**Aim of the task**
Produce exactly the lines from the one holding "Ipertensione: cause e rimedi -Starbene" through the last line of the data below, with every picture left out.

**Dataset extract**

◆ ◆ ◆ ◆

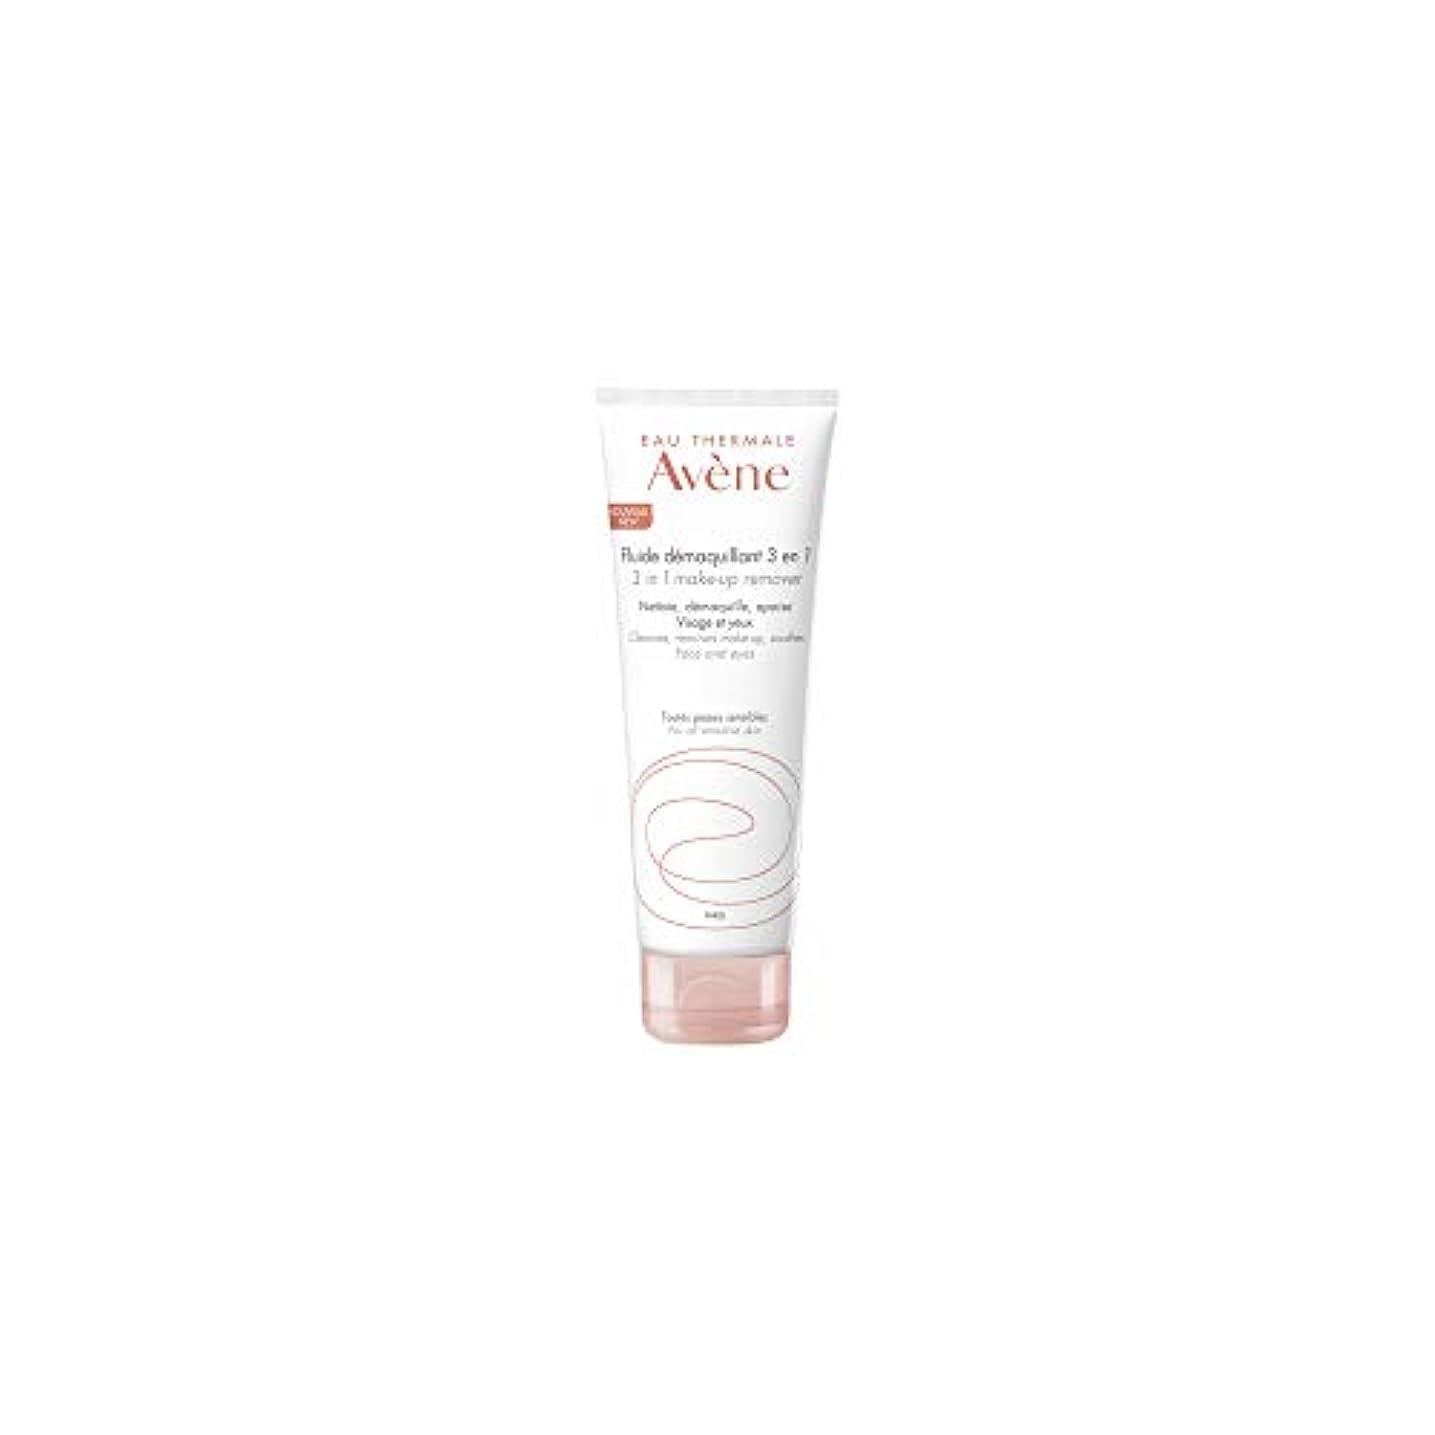 自動車ホイップ更新するアベンヌ 3 In 1 Make-Up Remover (Face & Eyes) - For All Sensitive Skin 200ml/6.7oz並行輸入品
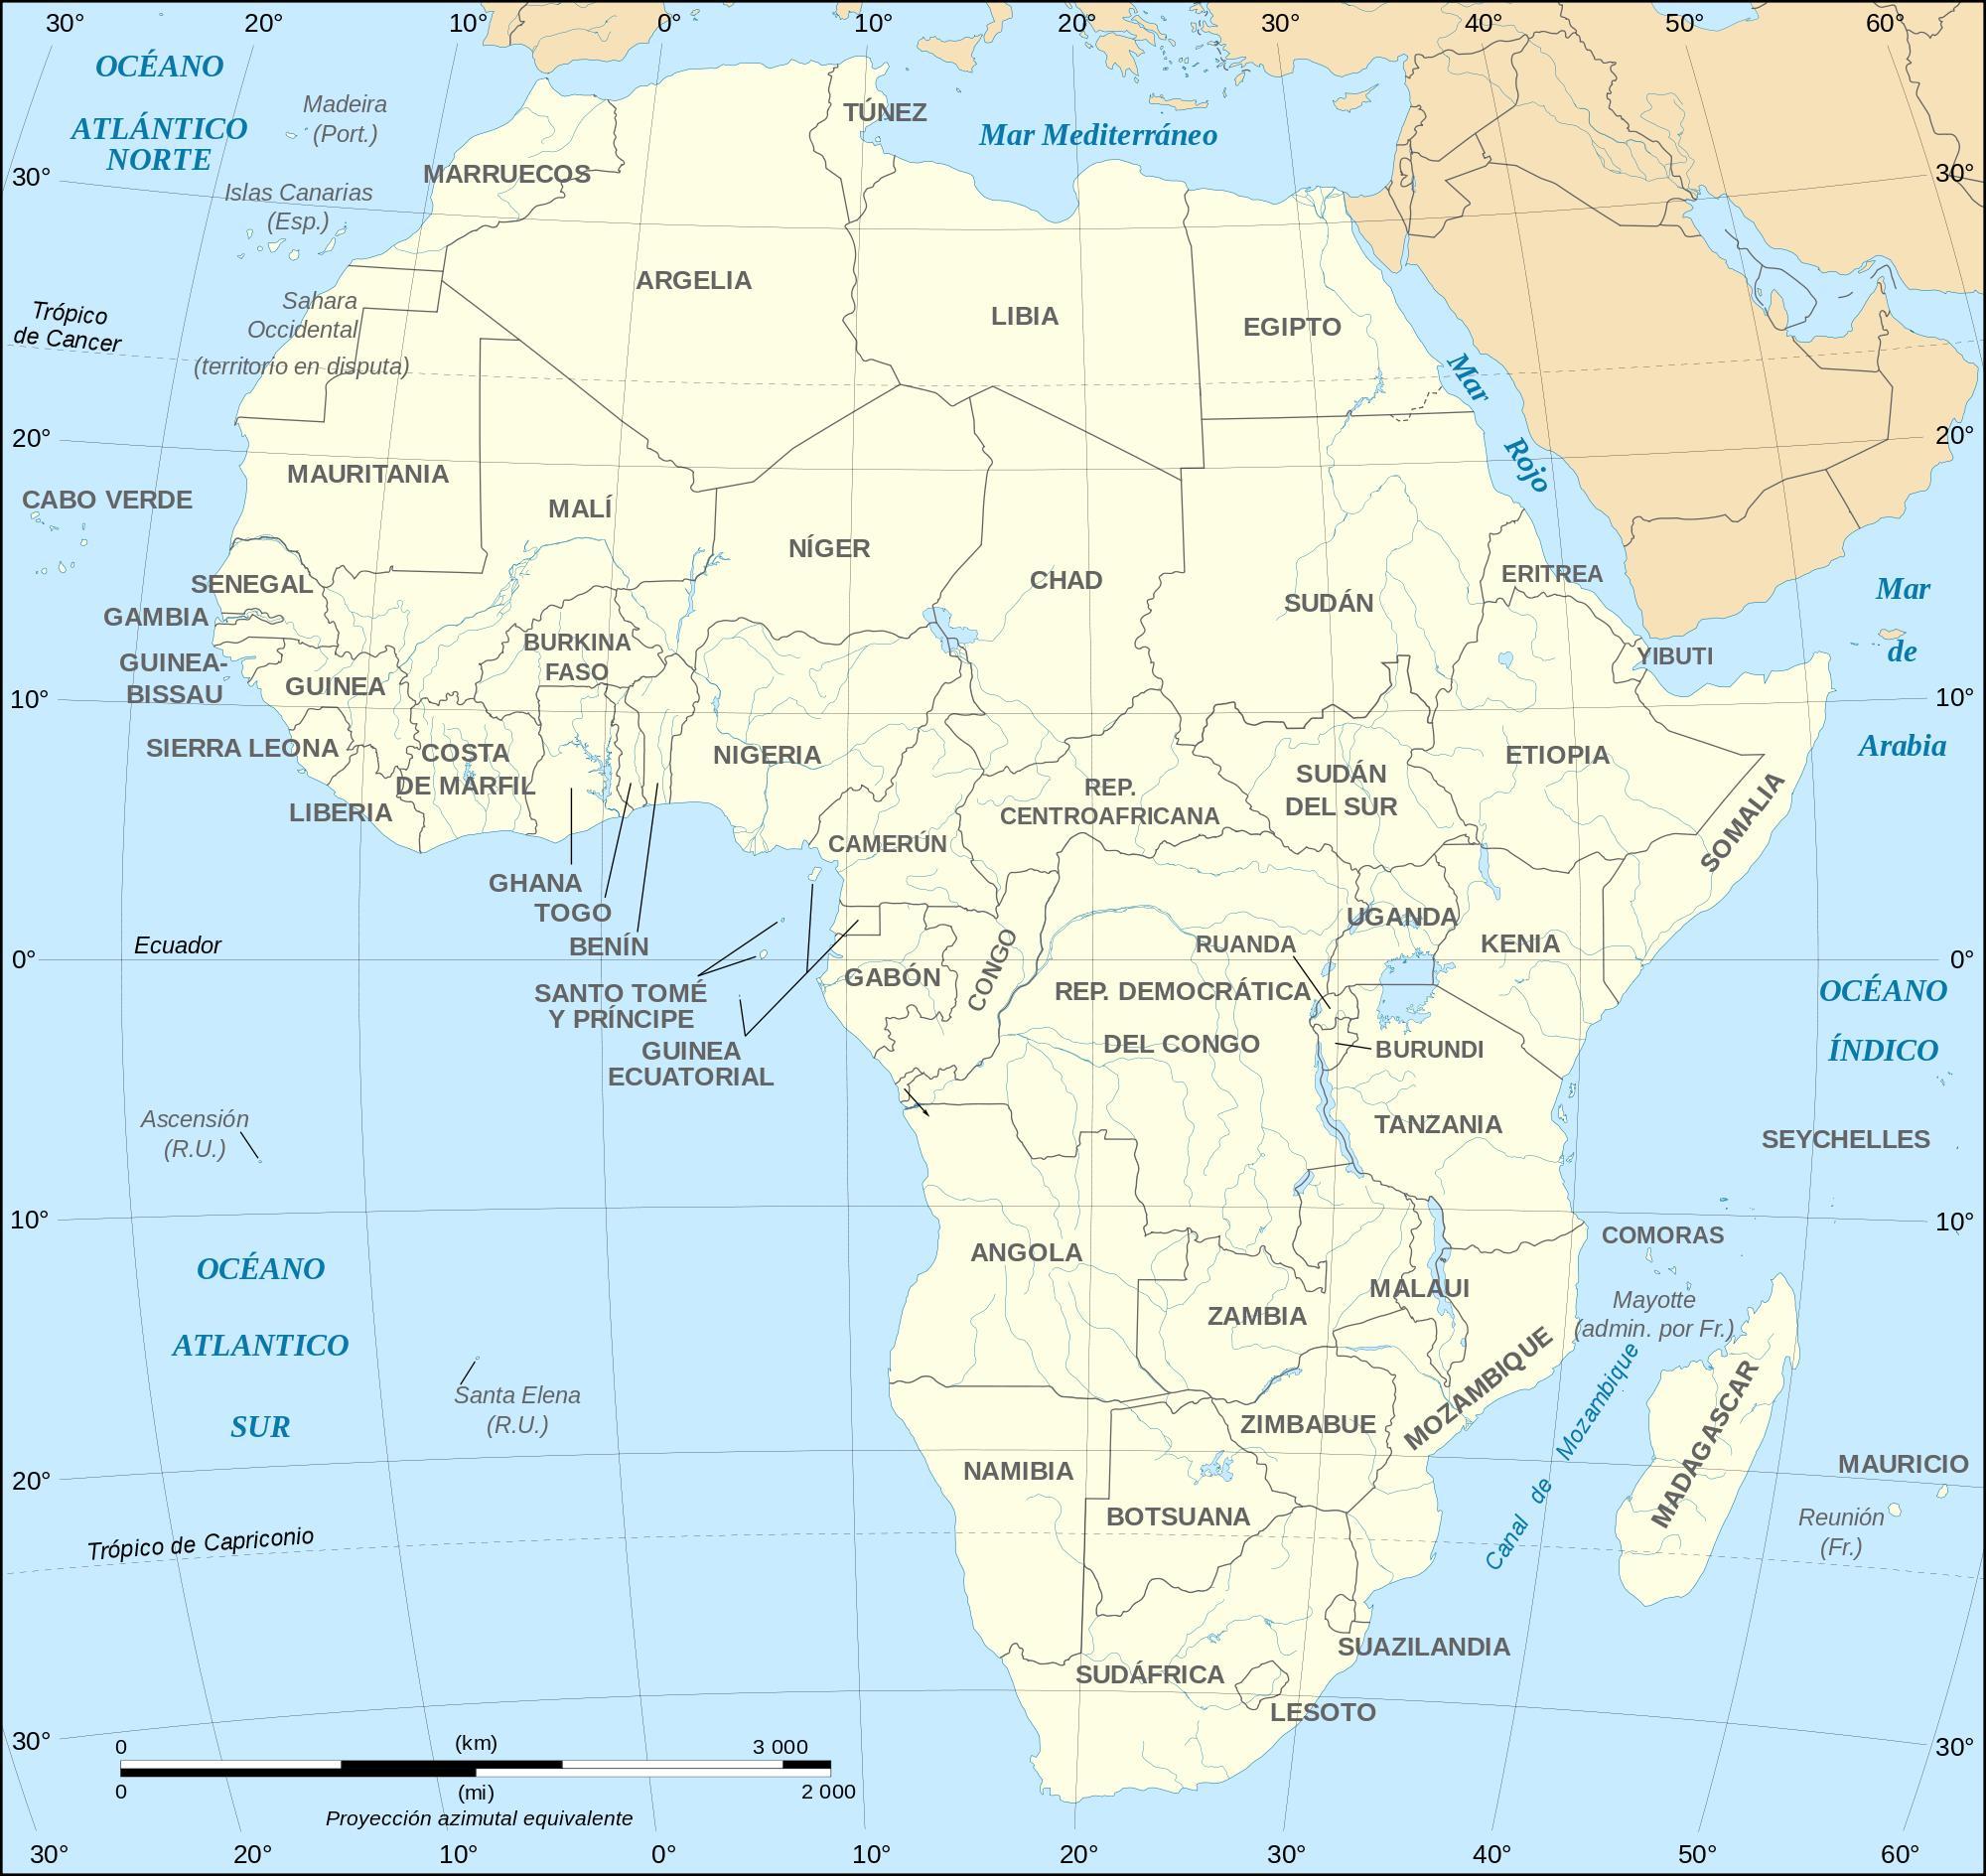 África: Países, Regiones y Capitales
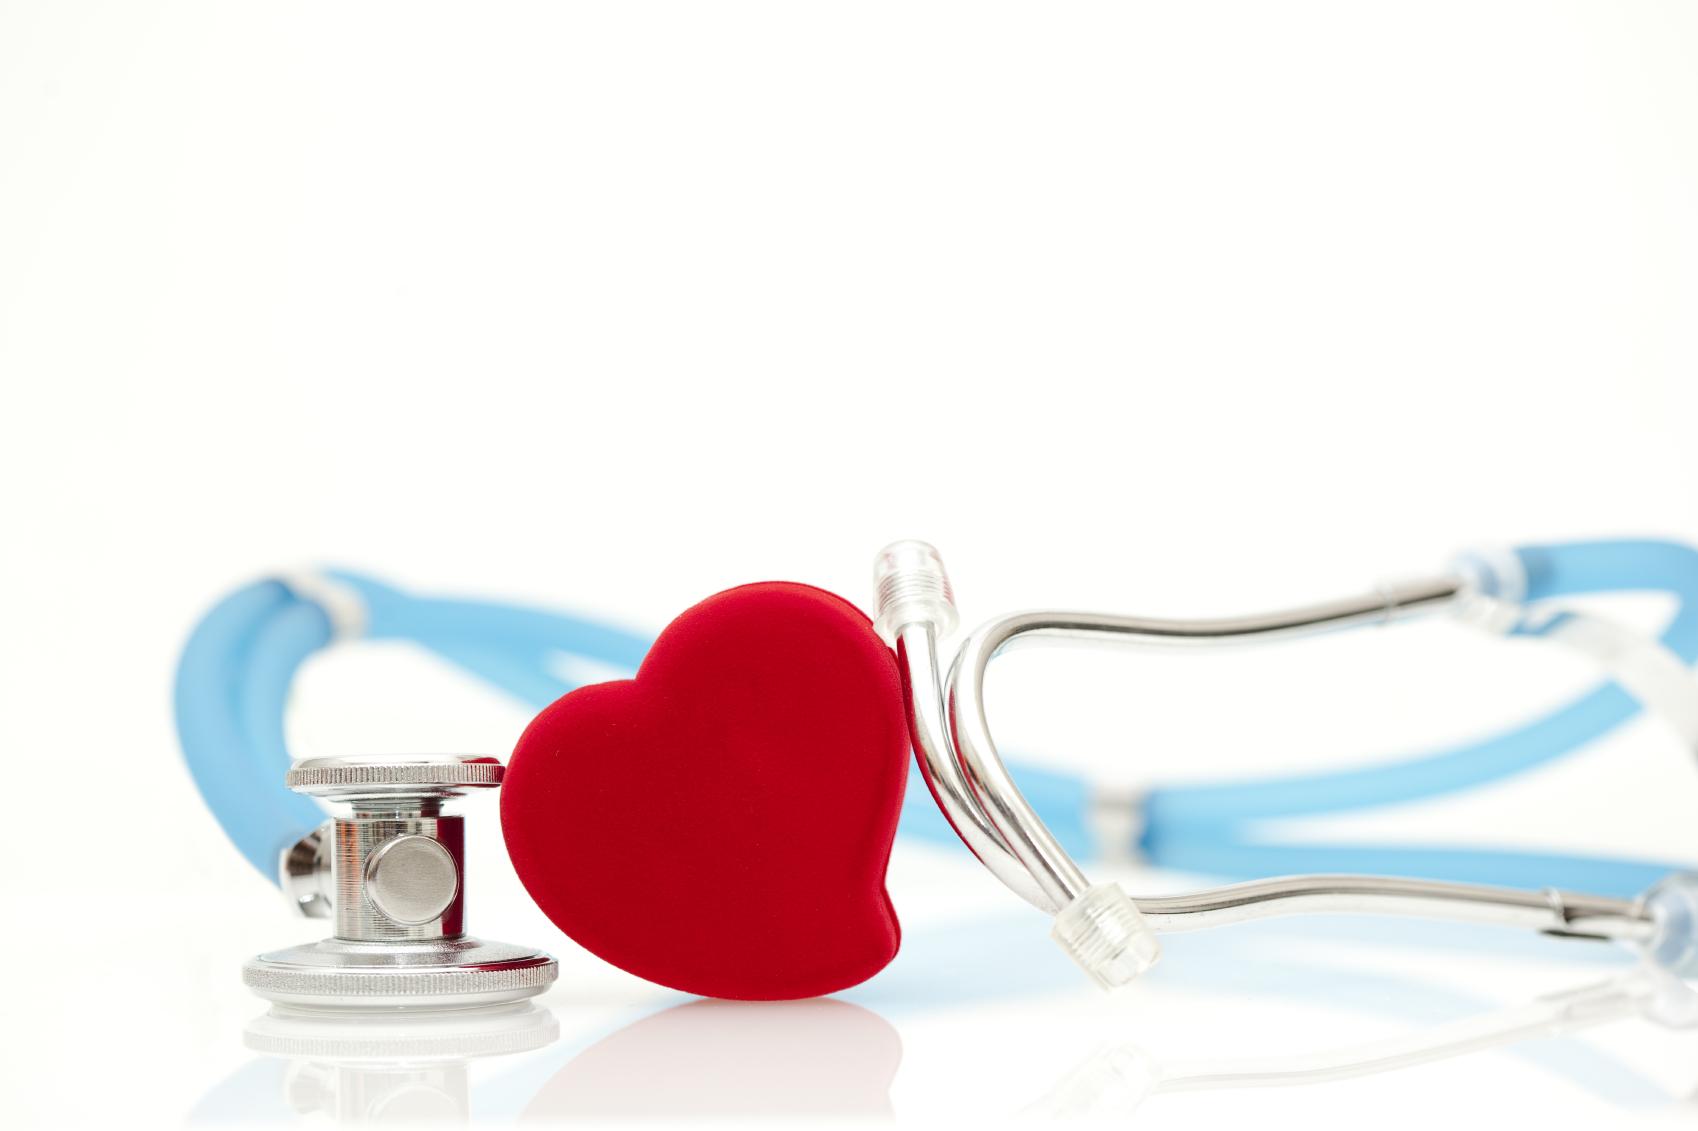 Ipertensione: cause e rimedi -Starbene
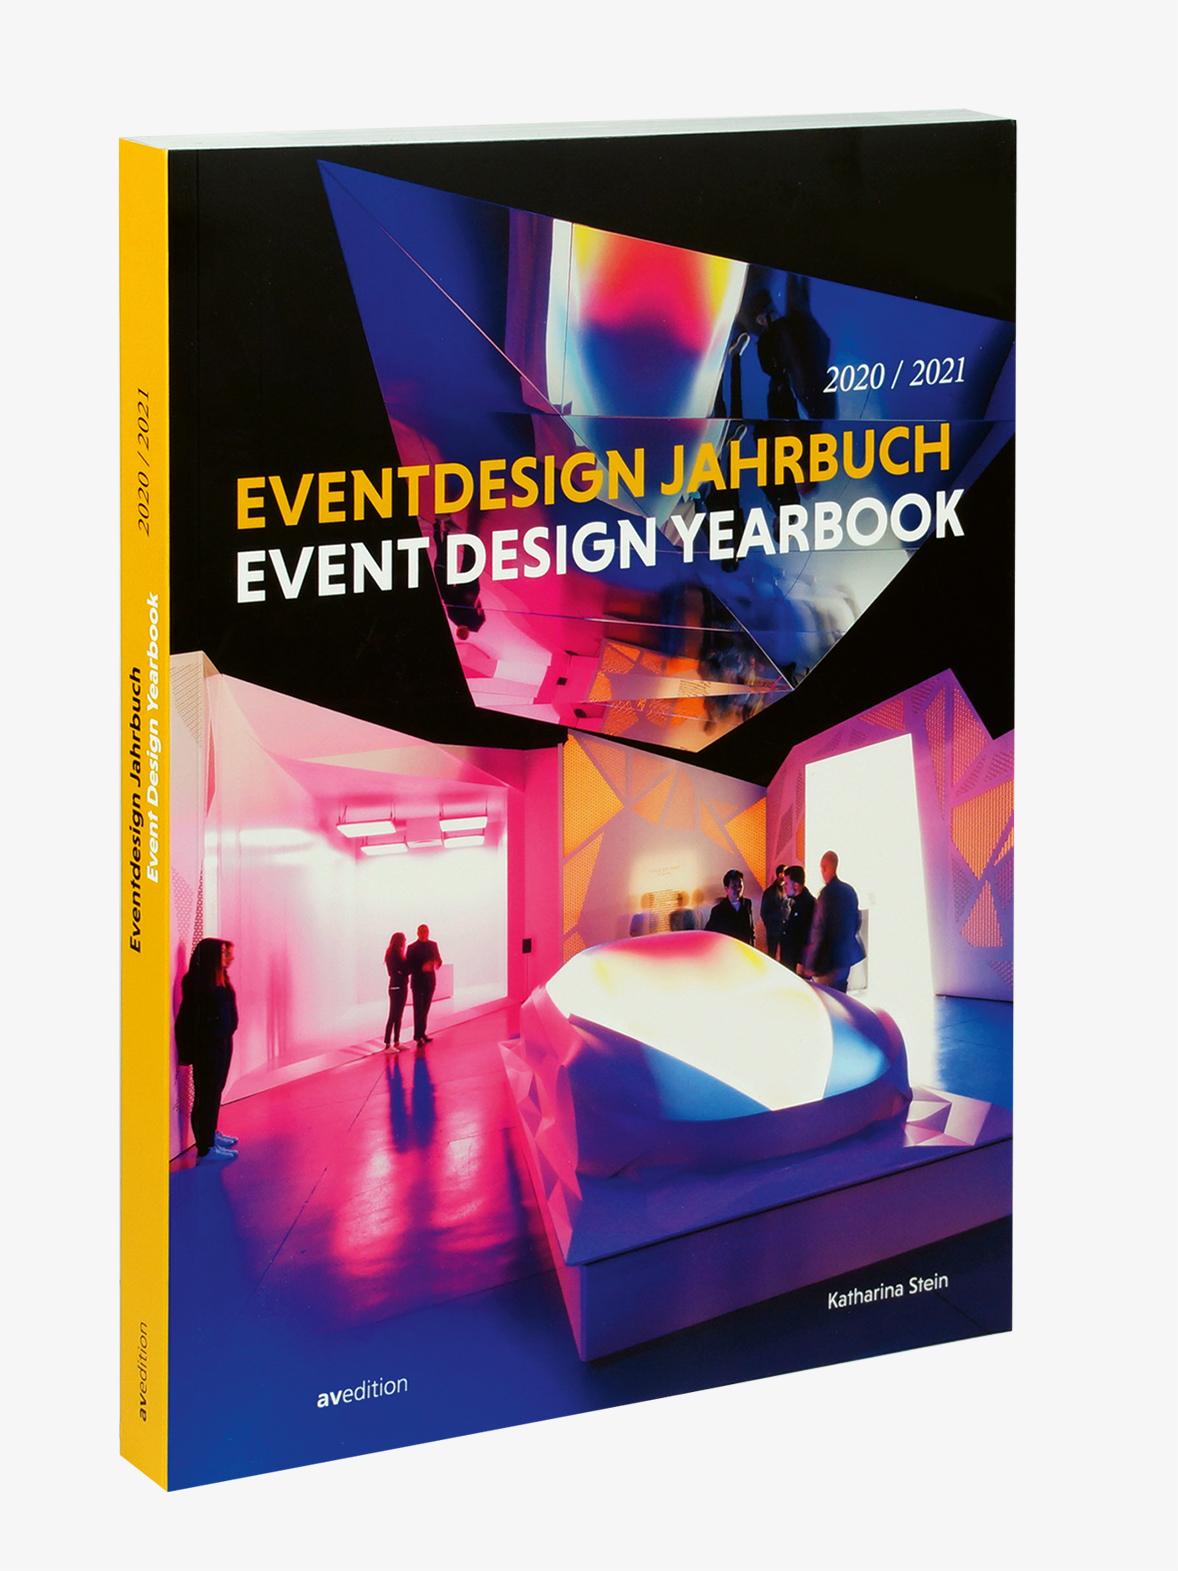 Eventdesign Jahrbuch 2020 / 2021

◆ ◆ ◆ ◆

**Finished exercise**
 Ipertensione: cause e rimedi -Starbene
 Eventdesign Jahrbuch 2020 / 2021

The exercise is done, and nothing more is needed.